Chemical synthesis, structural, optical, magnetic characteristics and enhanced visible light active photocatalysis of Ni doped CuS nanoparticles

Abstract

In this paper, we report systematic investigations on the effects of Ni doping on the structural, optical, magnetic and photocatalytic characteristics of CuS nanoparticles synthesized by simplistic wet chemical co-precipitation route via EDTA molecules as templates. XRD studies confirmed that accurate phase formation of synthesized nanoparticles and chemical composition were obtained by EDX. Magnetic measurements revealed that 3% Ni doped CuS nanoparticles show signs of good ferromagnetism at room temperature and transition of magnetic signs from ferromagnetic to paramagnetic nature by increasing the Ni dopant concentration in CuS host matrix.

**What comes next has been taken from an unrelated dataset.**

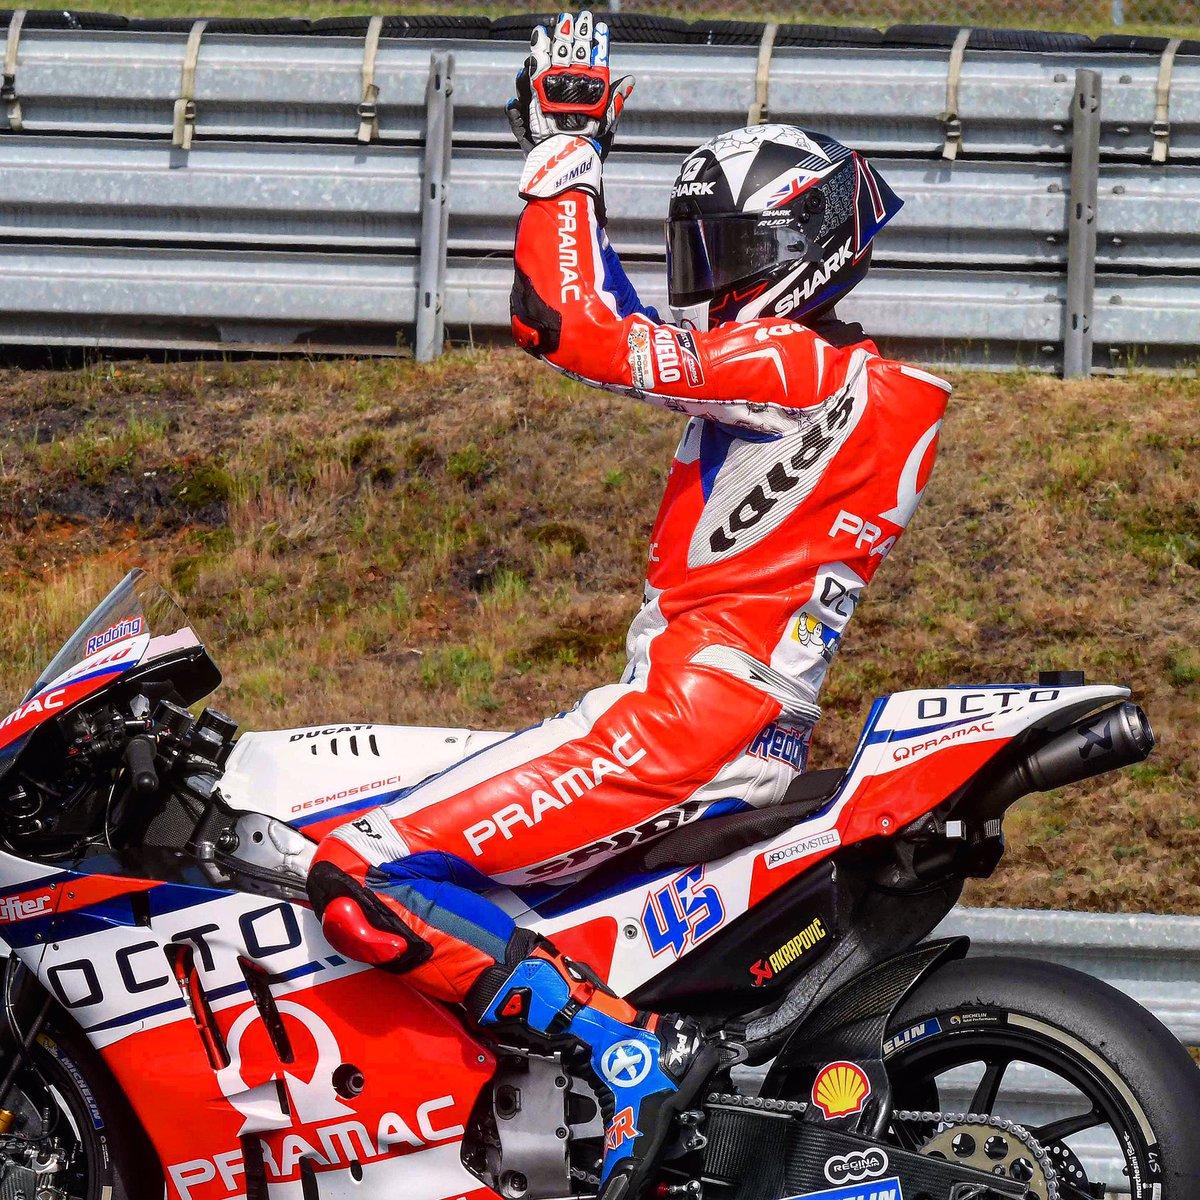 Enthusiasm @Reddingpower #FrenchGP @MotoGP @pramacracing #speed #bikes #bikers #race #ridetrue #spidiwarrior

The photocatalytic degradation efficiency of the prepared pure and Ni doped CuS nanoparticles were evaluated as a function of simulated sunlight irradiation via RhB organic dye pollutant as a test molecule. Particularly, in the presence of 3% Ni doped CuS nanoparticles in pollutant solution 98.46% degradation efficiency was achieved within 60 min of sunlight irradiation; meanwhile bare CuS attained only 83.22%. Further, after five cycles 3% Ni doping CuS nanoparticles exhibit good photocatalytic stability with very negligible catalyst loss. We believe that the investigations in this study provides adaptable pathway for the synthesizing of various diluted magnetic semiconductor nanoparticles and their applications in spintronic devices as well as sunlight-driven photocatalysts intended for wastewater purification.